§ Task objective
Please output exactly the lines from the one that holds "2010 Skeeter boat" through the final line of the data, and nothing else; leave out any pictures.

§ Data block

**********

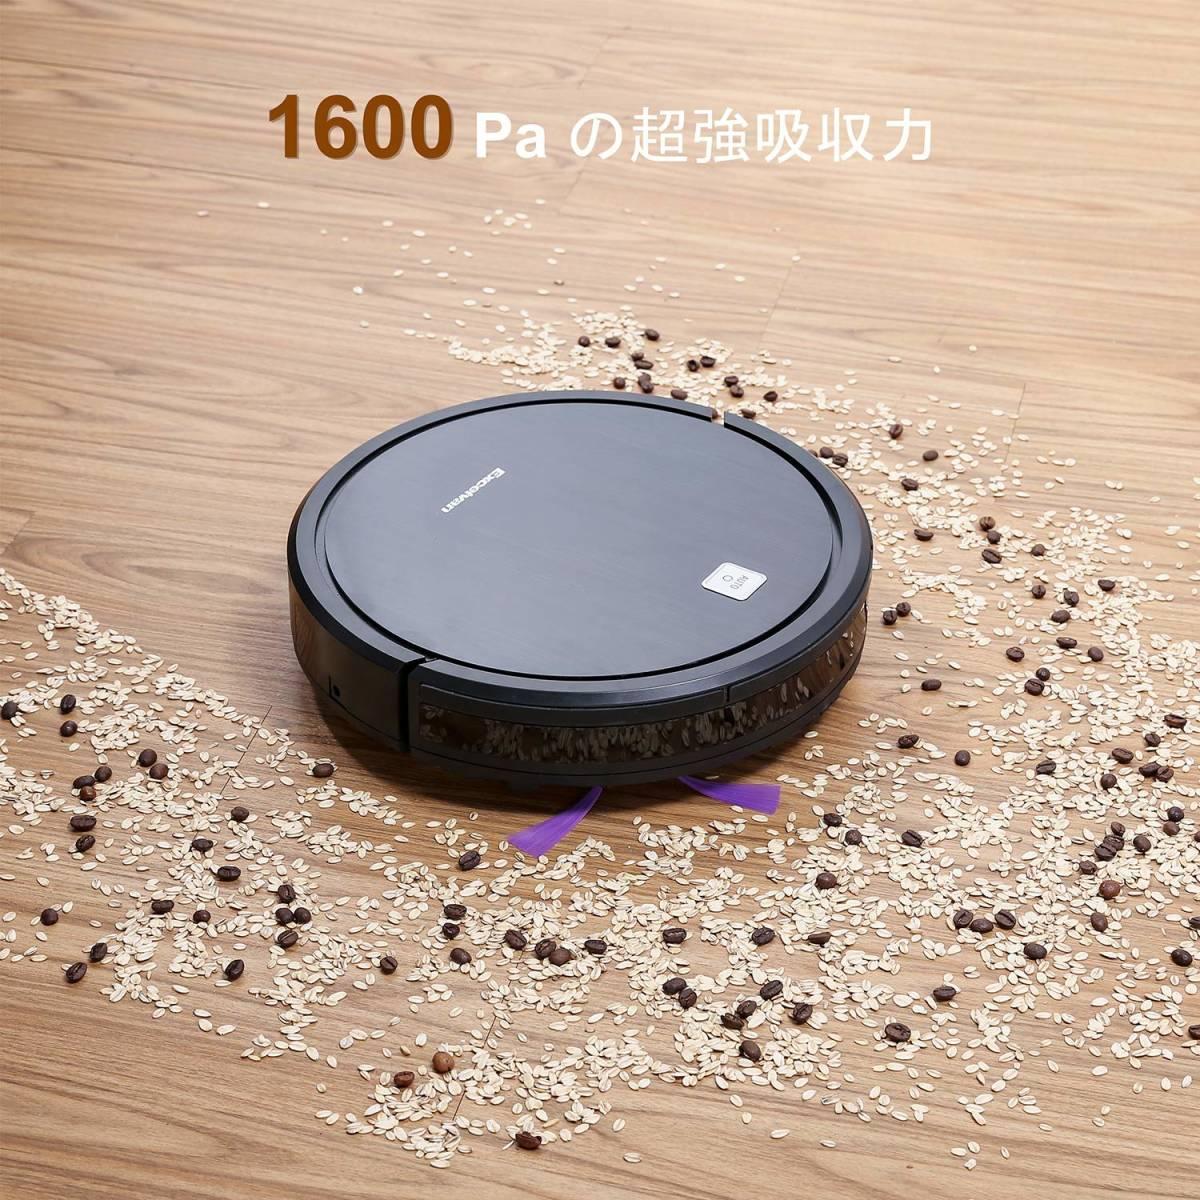 Excelvan D35 ロボット掃除機 スマートな計画式掃除 ロボット型クリーナー 4つの清掃モード 1600Paの強力吸引 120分長時間稼動 自動充電_画像7
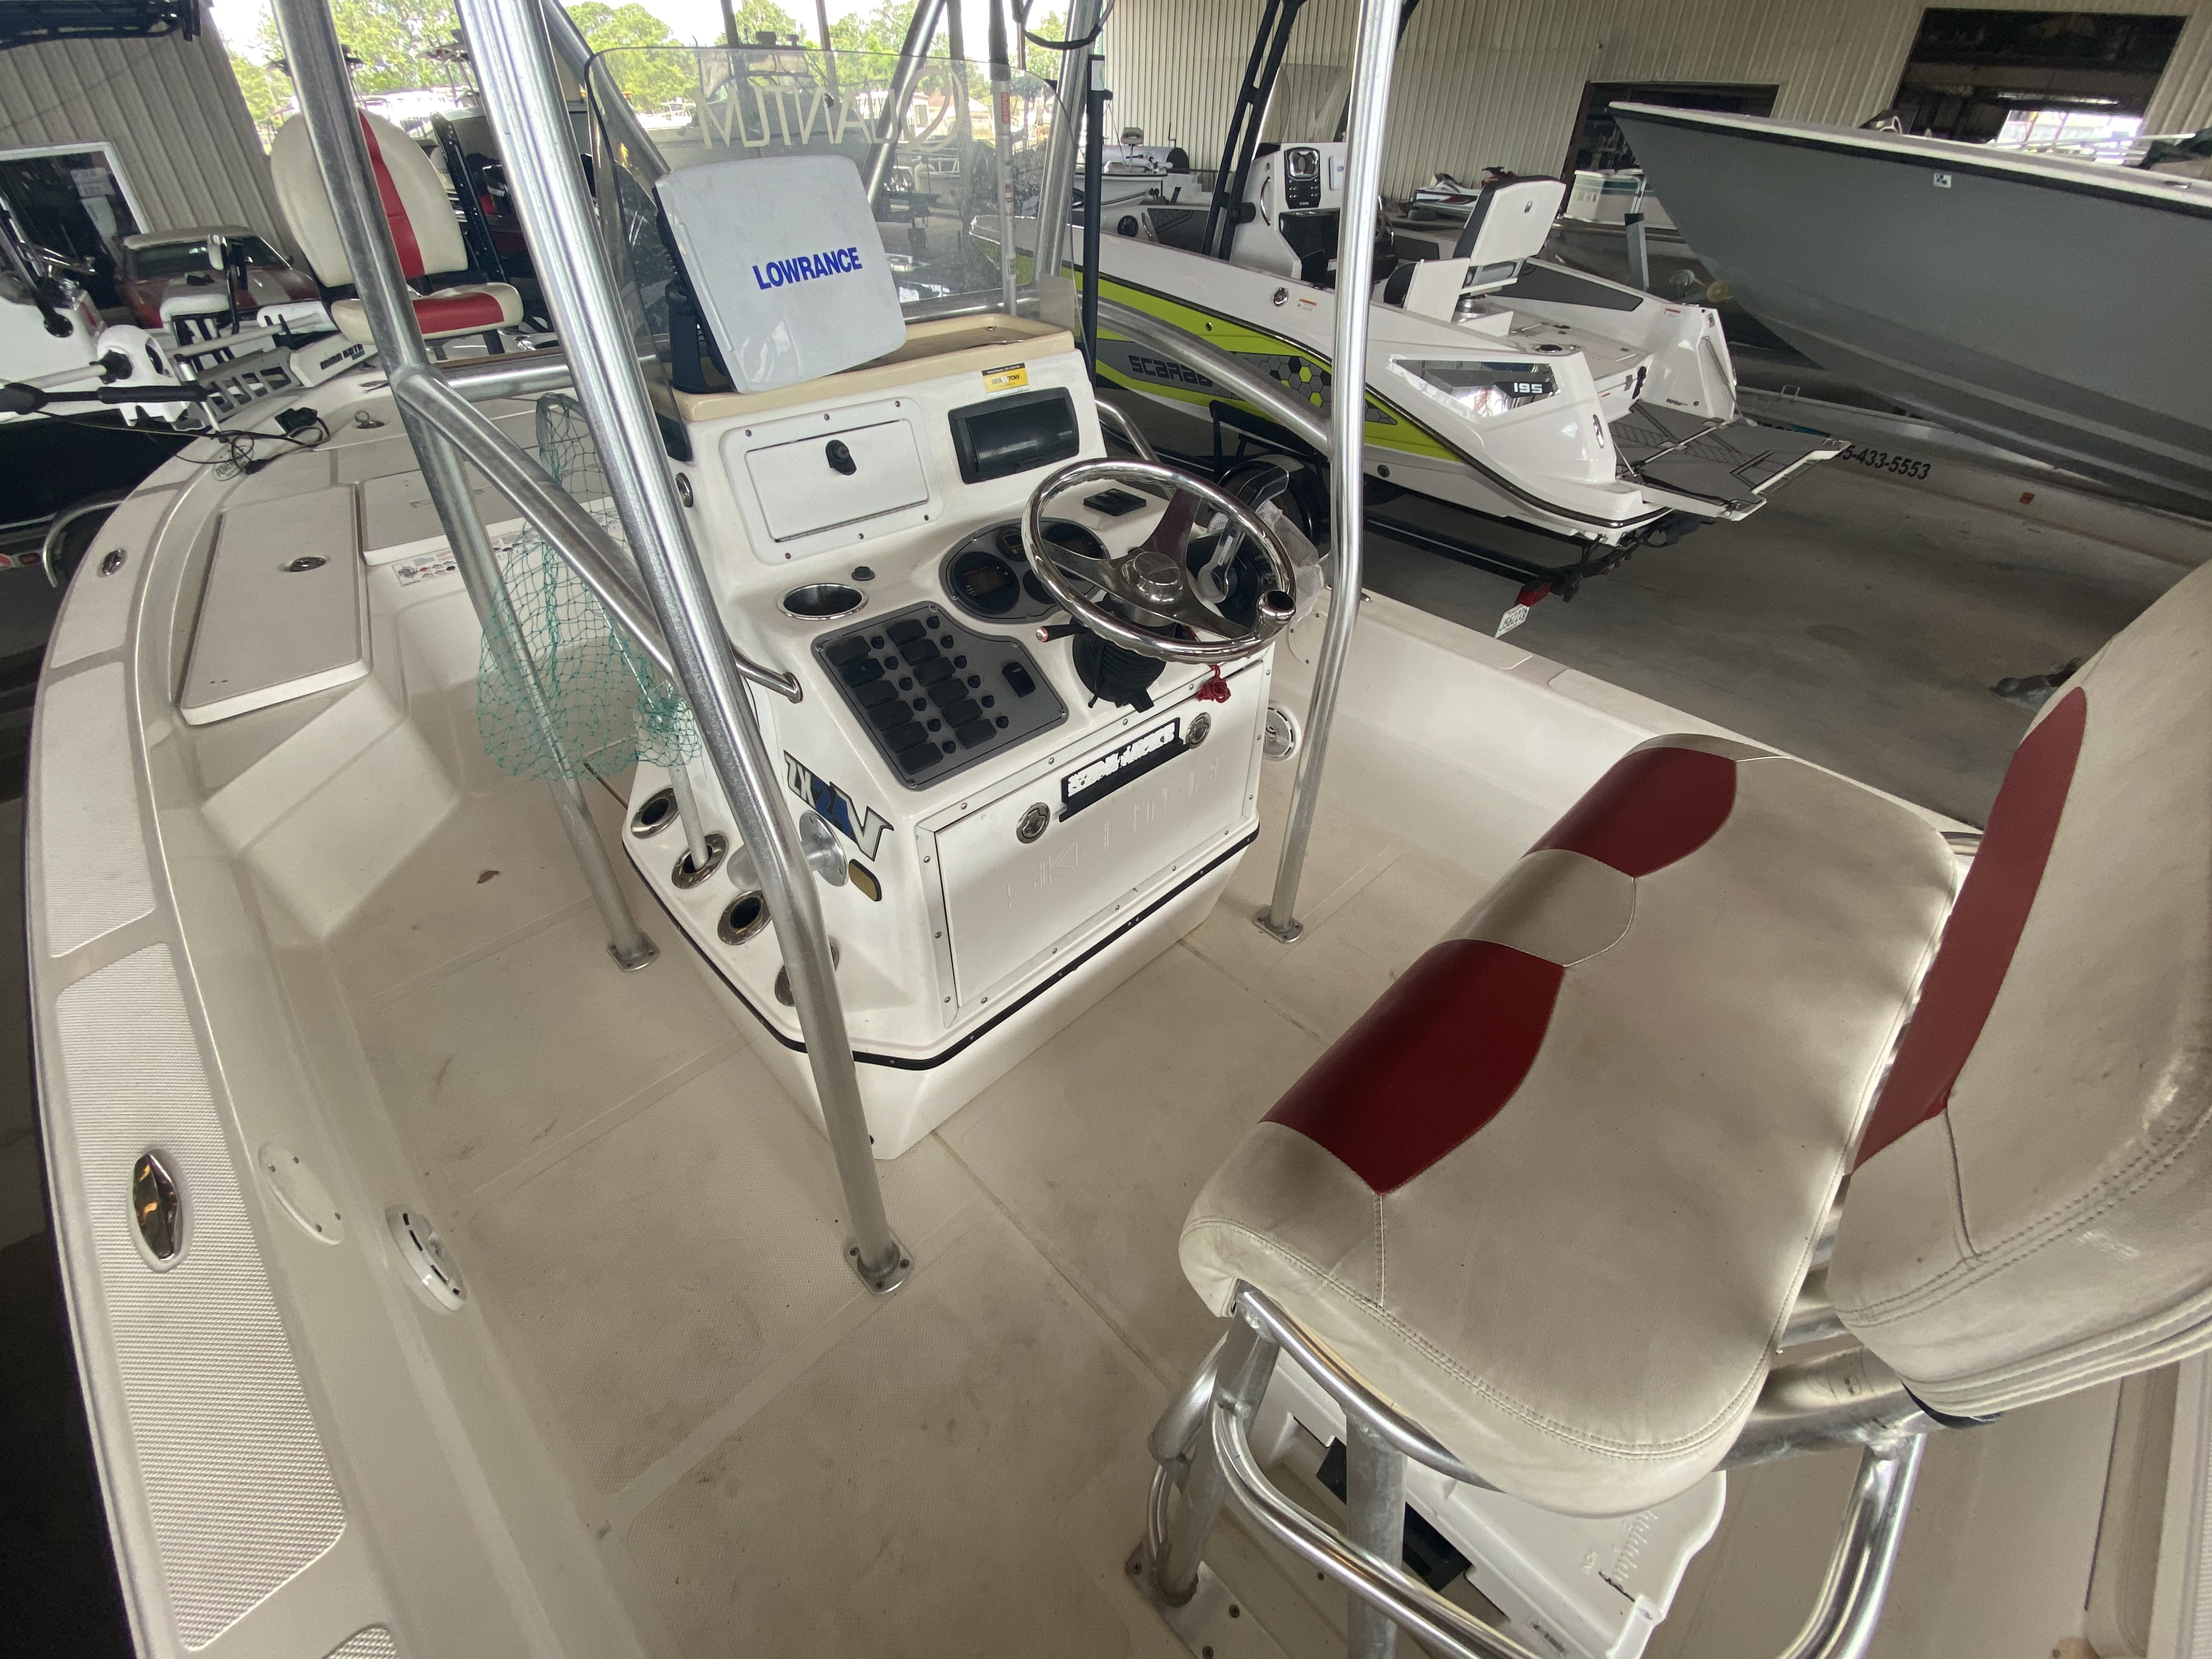 2010 Skeeter boat for sale, model of the boat is ZX24V & Image # 9 of 16
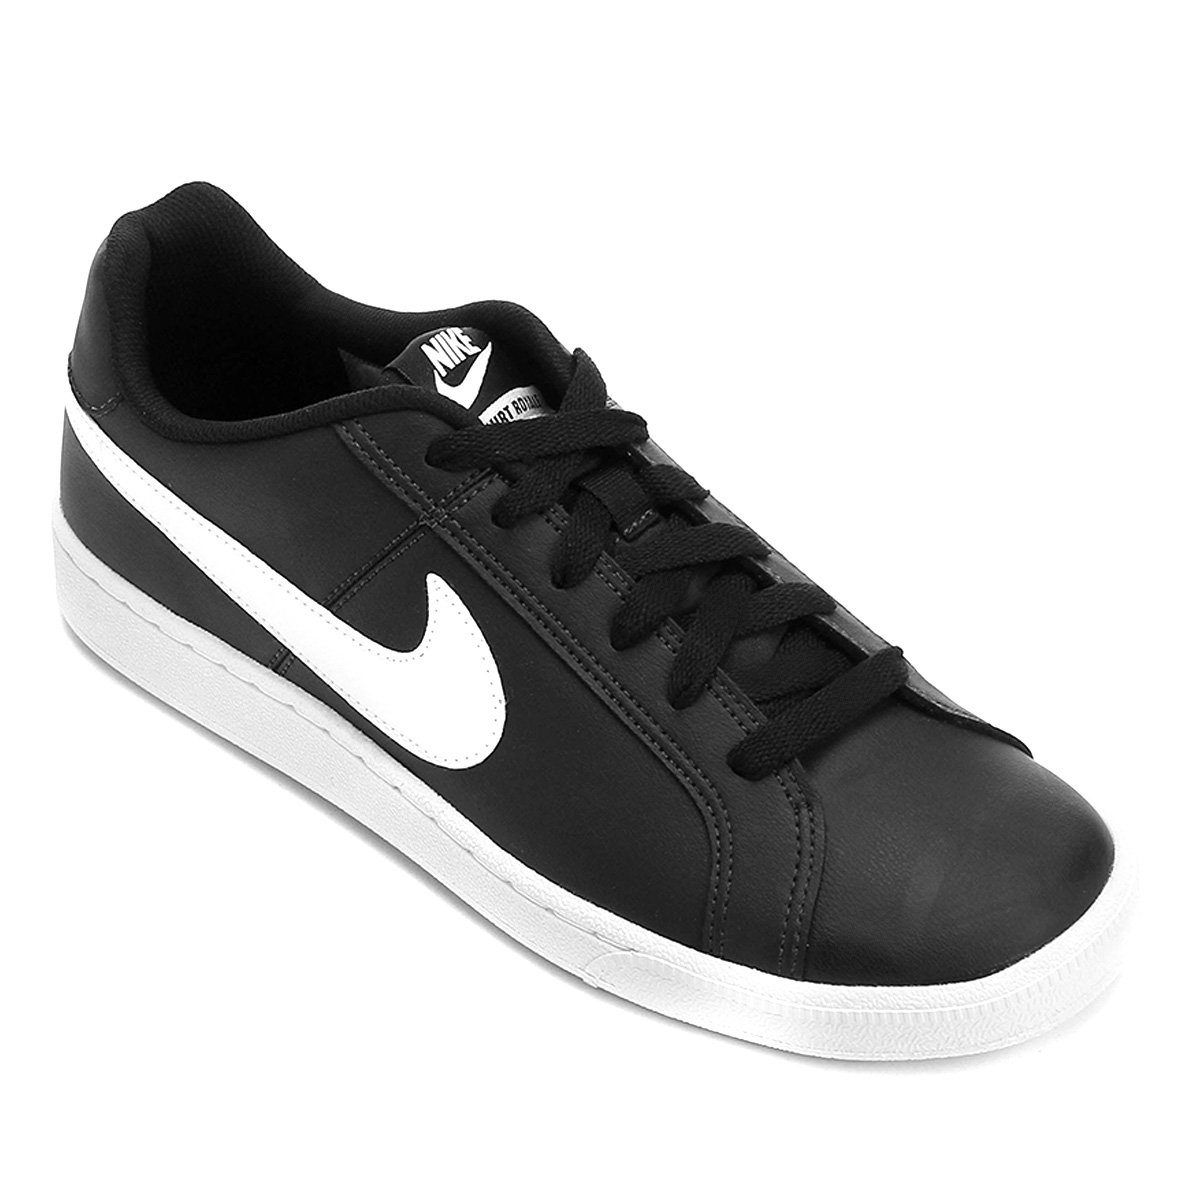 72eb0e19c5 Tênis Couro Nike Court Royale Masculino
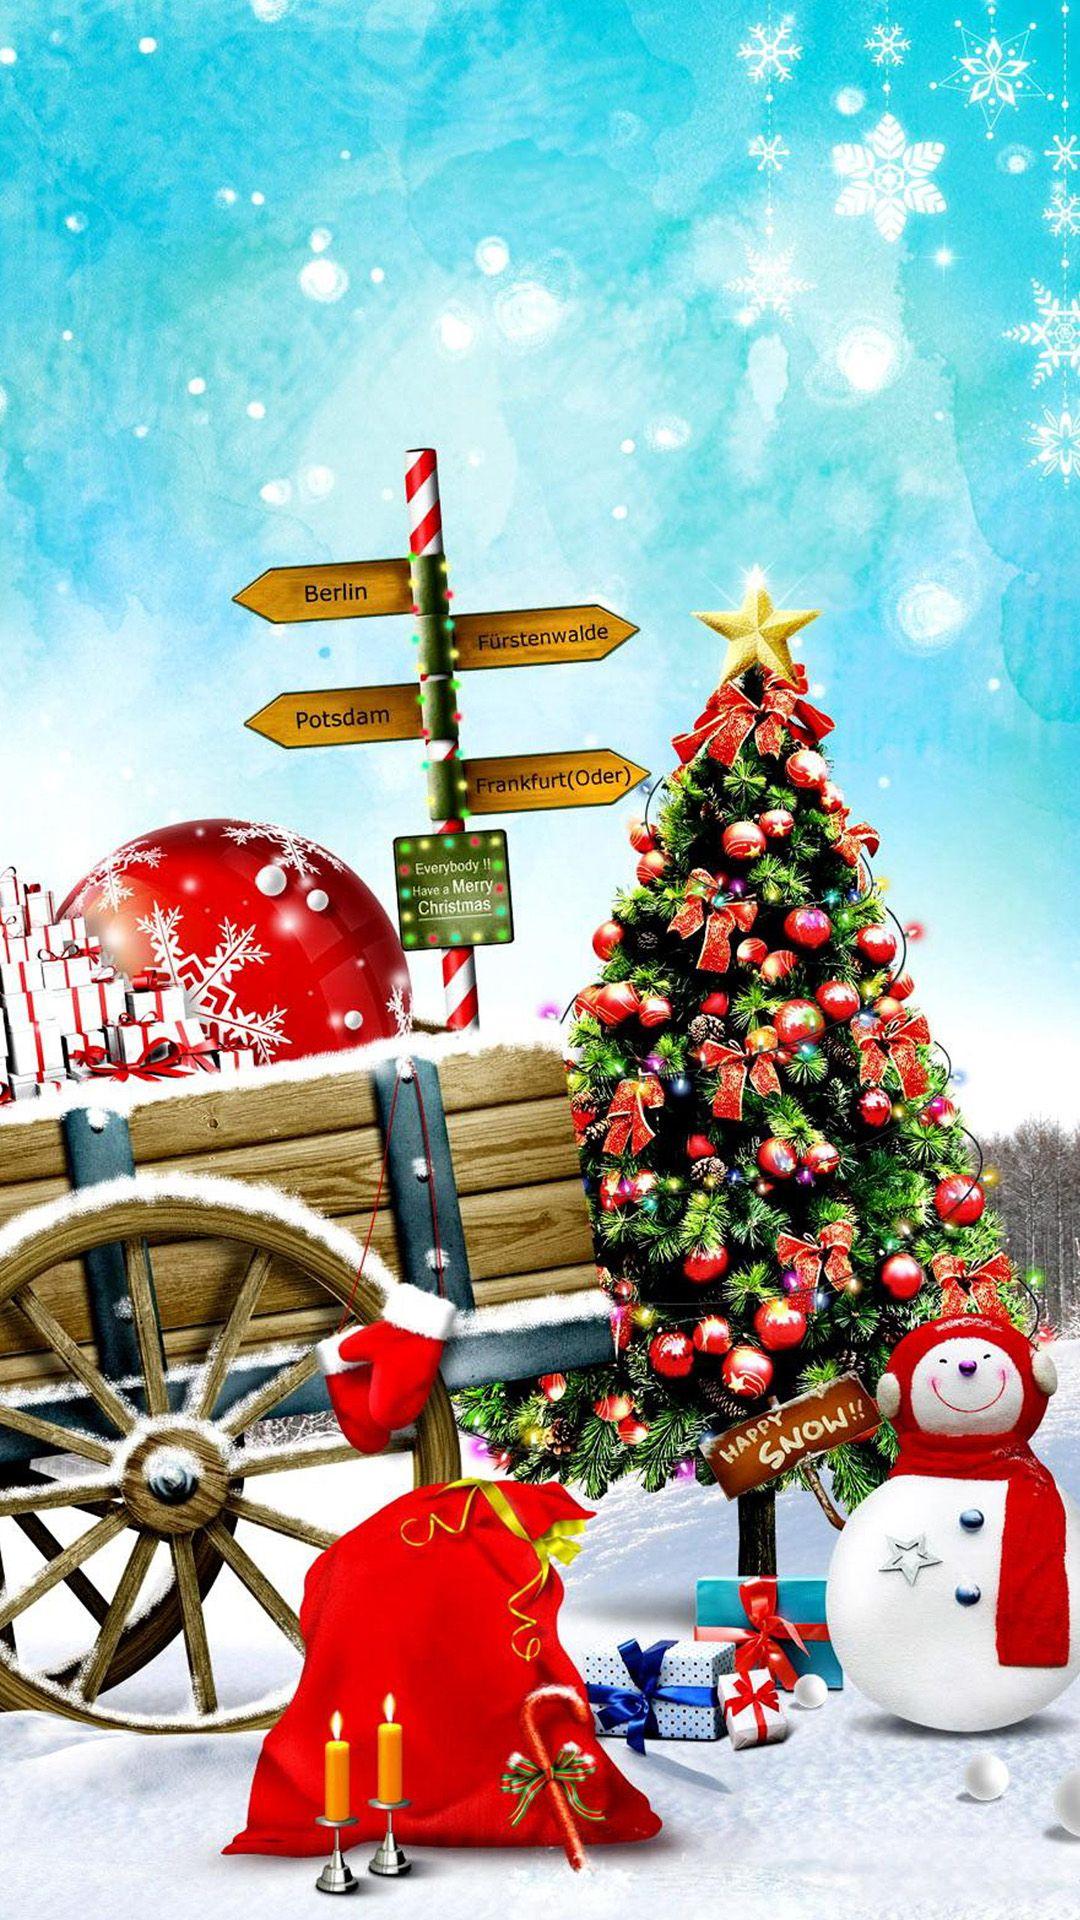 Samsung Galaxy S5 Hd Wallpapers Waoweo Com Christmas Wallpaper Christmas Wallpaper Hd Christmas Wallpaper Free

**********

§ Exercise solution
 2010 Skeeter boat for sale, model of the boat is ZX24V & Image # 9 of 16
 72eb0e19c5 Tênis Couro Nike Court Royale Masculino
 Samsung Galaxy S5 Hd Wallpapers Waoweo Com Christmas Wallpaper Christmas Wallpaper Hd Christmas Wallpaper Free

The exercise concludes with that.